Кто любит, тот блуждает —
Таков закон судьбы… —
 
   с печалью и горестью сознает путник.
   И, уходя, желает любимой:
 
Мой друг, спокойно спи.
 
   «ФЛЮГЕР» — вторая песня цикла. Начальные такты вступления рисуют порыв жестокого ветра, крутящего флюгер. Он крутится в вышине, на крыше дома, а скитальцу чудится, что флюгер насмехается над ним. В безжалостном мире, где богатство — все, а человек — ничто, бессовестный флюгер, поворачивающийся туда, куда дует ветер, олицетворяет мораль.
   «ЗАСТЫВШИЕ СЛЕЗЫ». Путник тяжело ступает по печальной, как напев его песни, заснеженной равнине. Из глаз струятся слезы и стынут на щеках. Они подобны инею, покрывающему деревья зимой, в рассветный час.
 
Меж тем тоска из сердца
Ключом горячим бьет.
Мне странно, что не тает
Кругом весь снег и лед.
 
   Но тоске, как ни жгуча она, не растопить оцепенения, охватившего природу и человека.
   «ОЦЕПЕНЕНИЕ». И, как контраст оцепенелости, возникает бурное движение. Взволнованна и неудержно стремительна песня. Будто музыка вдруг стряхнула оцепенелость и освободилась от ледяных оков.
   Но нет. Свобода эта мнима. Она — мираж, возникший вместе с воспоминаниями. Счастливое прошлое, смешавшись с горестным настоящим, создает настроение трагизма.
 
Вот здесь мы с ней бродили,
Когда цвели луга…
Цветы давно увяли,
Трава давно мертва…
. . . . . . . . . . . . .
Сковал мне сердце лед.
 
   «ЛИПА». И опять в воспоминаниях оживает былое. И снова вместе с ним приходит умиротворение. И сладкий покой.

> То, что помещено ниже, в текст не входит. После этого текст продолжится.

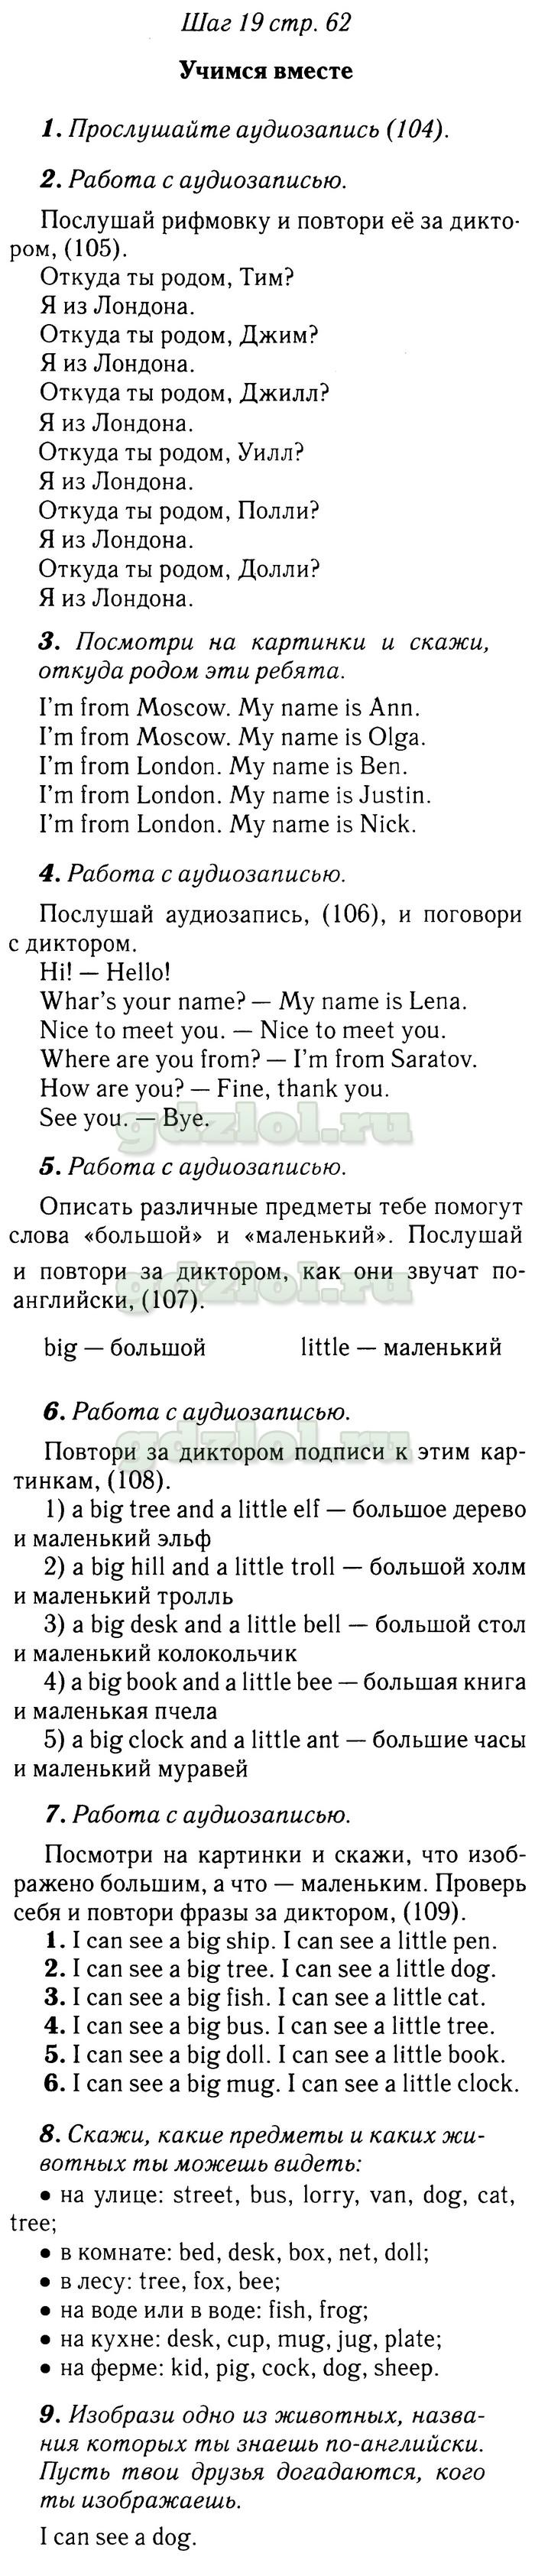 Перевод на русский 7 класса страница 98 упражнение

   Легкий ветерок шумит листвой старой липы. Тихо, задумчиво, ласково звучит фортепьянная партия. В шелест листвы вплетается светлое журчанье ручья.
   Плавно течет мелодия, приветливая, сладкозвучная.

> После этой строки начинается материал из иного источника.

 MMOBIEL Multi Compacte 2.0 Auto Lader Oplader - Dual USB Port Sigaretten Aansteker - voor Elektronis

   Но вдруг все меняется. Неузнаваемо и резко. Поднимается вихрь, седой и холодный. Со злобой набрасывается он на дерево, треплет оголенные ветви, срывает с головы путника шляпу. И исчезает милое видение былых счастливых дней.
 
Теперь уж я далеко,
Брожу в стране чужой.
Но часто слышу шепот:
— Ты мог найти покой.
 
   Великолепна мелодия этой песни. Она народна по складу своему. И не случайно «Липа» стала истинно народной песней в Австрии и Германии.

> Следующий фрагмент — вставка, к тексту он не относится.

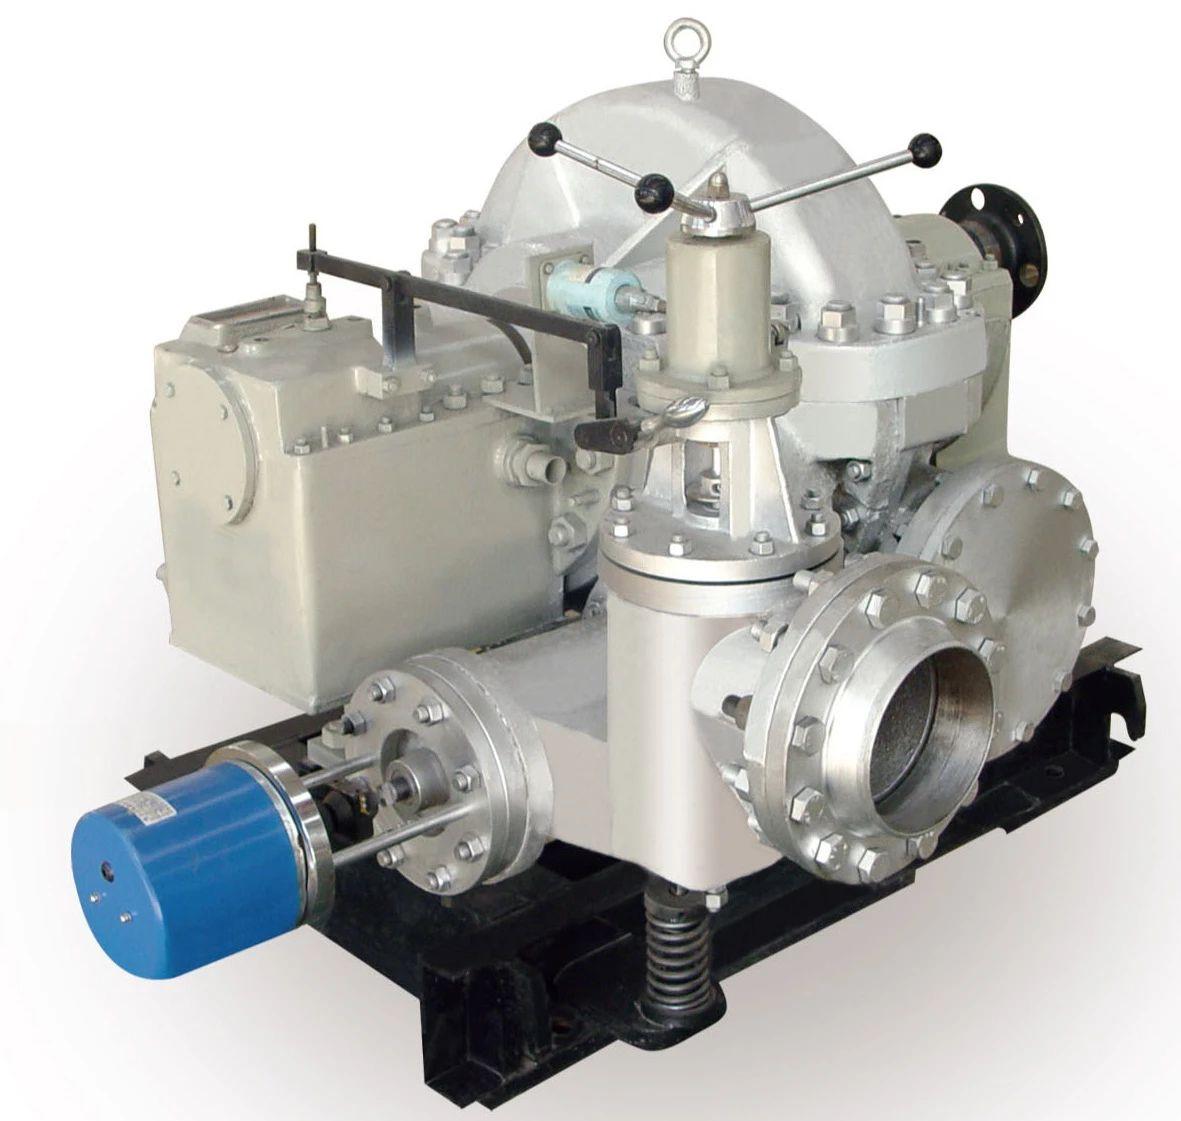 拖動變脫泵背壓式汽輪機改造

   «ВОДНЫЙ ПОТОК». Путник жалуется. Горьки и печальны жалобы. Горек и печален напев. В нем — сдавленная тоска. И робкая, едва пробивающаяся надежда.
 
Теплый ветер вновь повеет,
Снова станут цвесть луга.
Солнце лед прогнать сумеет
И растопит вновь снега.
 
   «У РУЧЬЯ». Но надежда пропала. Странник пришел к ручью, угрюмому, недвижимому. Угрюм, недвижим и аккомпанемент с мрачными, отрывистыми аккордами в басах. Неподвижна и холодна мелодия. И лишь в конце песни трагический всплеск сопровождает горькое признание скитальца:
 
В ручье застывшем себя я узнаю.
 
   «ВОСПОМИНАНИЕ». Внезапно налетает буря. Она выражает и смятение, и тревогу, и неумолчное волнение сердца. Звуки, как бы влекомые вихрем, мчатся вперед. Странник бредет по зимнему пути. Без отдыха, без передышки, выбиваясь из сил.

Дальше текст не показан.